二:不如讓五號賣藝吧,胸口碎大石挺受民間歡迎的,一路碎到京城,能掙到盤纏。

六:可以找寺廟化緣,借宿。只是大奉寺廟不多,難解近渴。

四:江湖救急,可以適當的不勞而獲。

楚元縝的意思是,可以挑一些肥羊下手,偷點銀子。

九:五號不會偷銀子,非要讓她這么干的話,那就是搶。

畢竟是力蠱部的人。

眾人剛要說話,突然發現自己也被屏蔽了,無法再傳書,也接收不到消息。

同時,許七安收到了金蓮道長的傳書:三號,你有什么建議?

雖然嘴上說讓五號接受社會毒打,但金蓮道長很在乎地書碎片持有者啊.許七安心想,他沒有猶豫,傳書道:

五號漂亮嗎?

九:容貌不錯。

這就好辦了許七安傳書道:我的建議是:當一個海王。

此言何意?金蓮道長表示不解。

問:帥哥美女如何身無分文跨國旅游?

答:養備胎。

許七安把自己的想法告之金蓮道長,隨后補充道:我這里再傳授五號一句名言:兔兔這么可愛,為什么要吃它。
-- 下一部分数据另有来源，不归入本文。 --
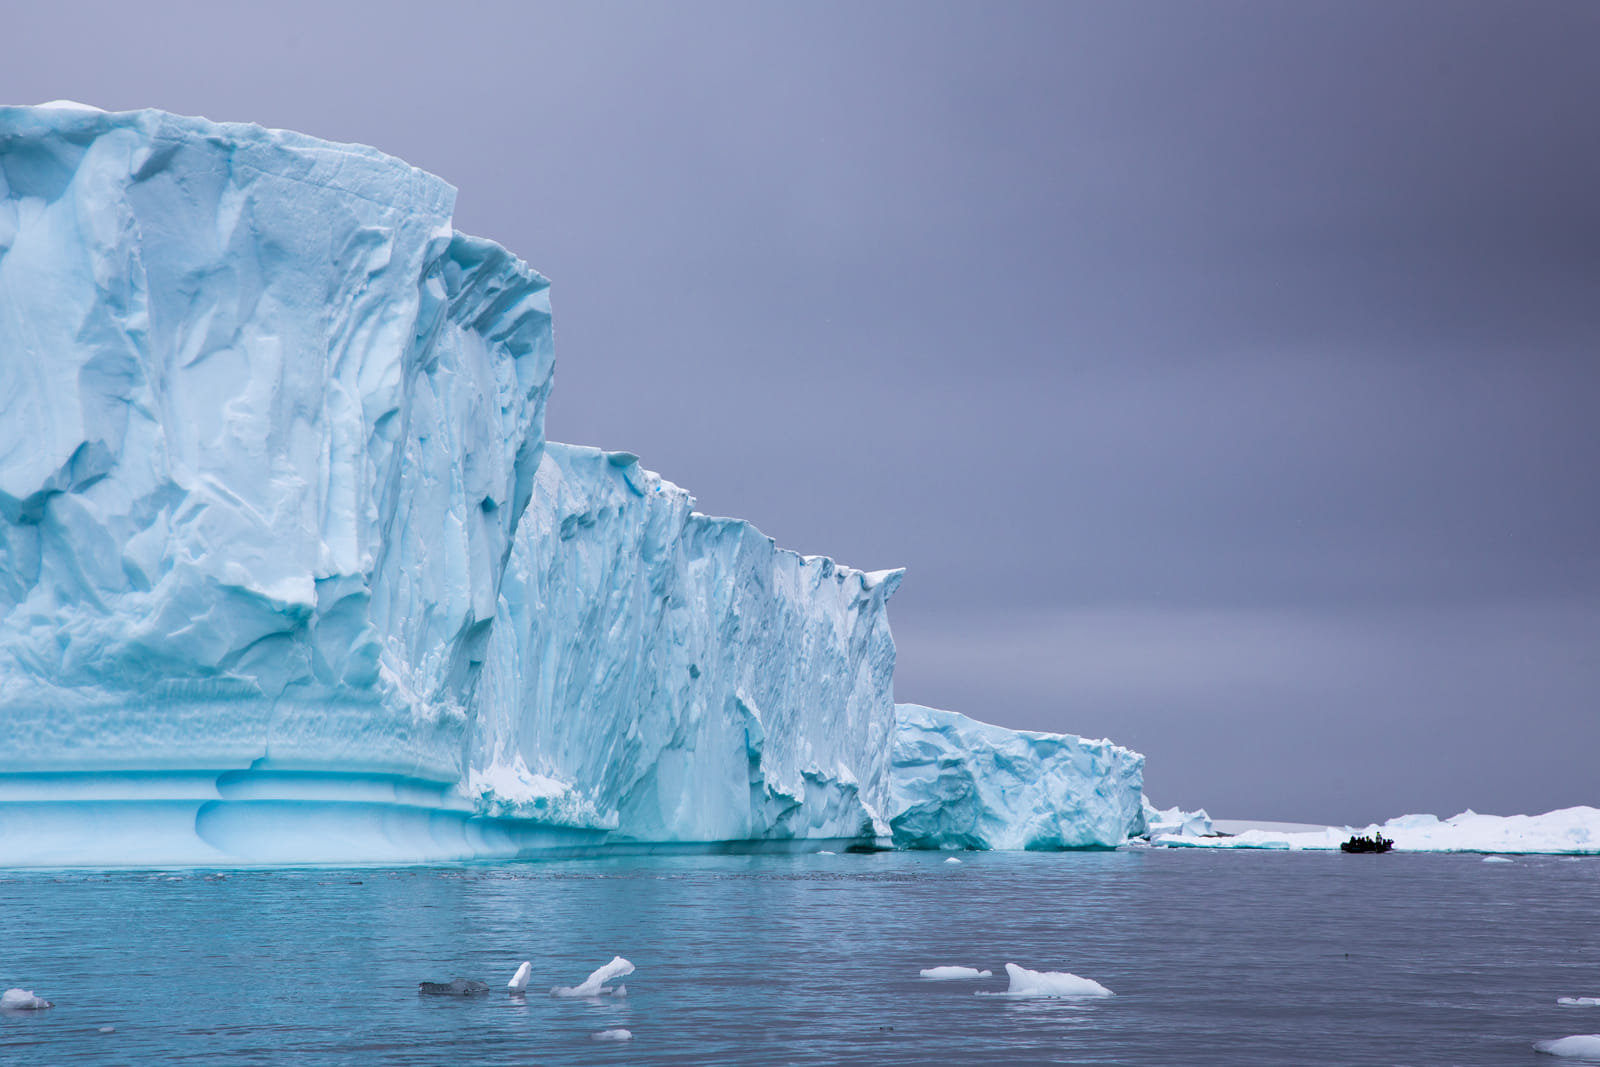 筆者 16 年前首次親眼目睹南極冰山，至今仍對大自然的鬼斧神工心存敬畏。 © Wilson Cheung

江湖少俠們最吃這一套,學會這一招,路上的吃住就穩了。

金蓮道長不搭理他了。

恢復通訊后,金蓮道長把天地會成員的想法狀告給五號,希望她能保護好自己,一路順風。

至于許七安的提議,金蓮道長選擇無視,那法子雖然挺賤的,其實卻是管用,只是五號顯然做不出這么高端的操作。

這是三號自己的絕活。

沒多久,楚元縝返回,先朝靜坐的洛玉衡作揖,轉而說道:“許兄,該你了。”

許七安面不改色的出門上茅廁,在茅廁外頭轉悠一圈后返回,看見一位小道士領著一位披甲的中年將領,步履匆匆的過來。

中年將領神色惶急,似乎遇到了什么事。

小道士停在靜室外,朗聲道:“道首,淮王府侍衛長求見。”

淮王府.......鎮北王府?!許七安一聽,頓時停下腳步,在一旁打量著披甲的中年將領。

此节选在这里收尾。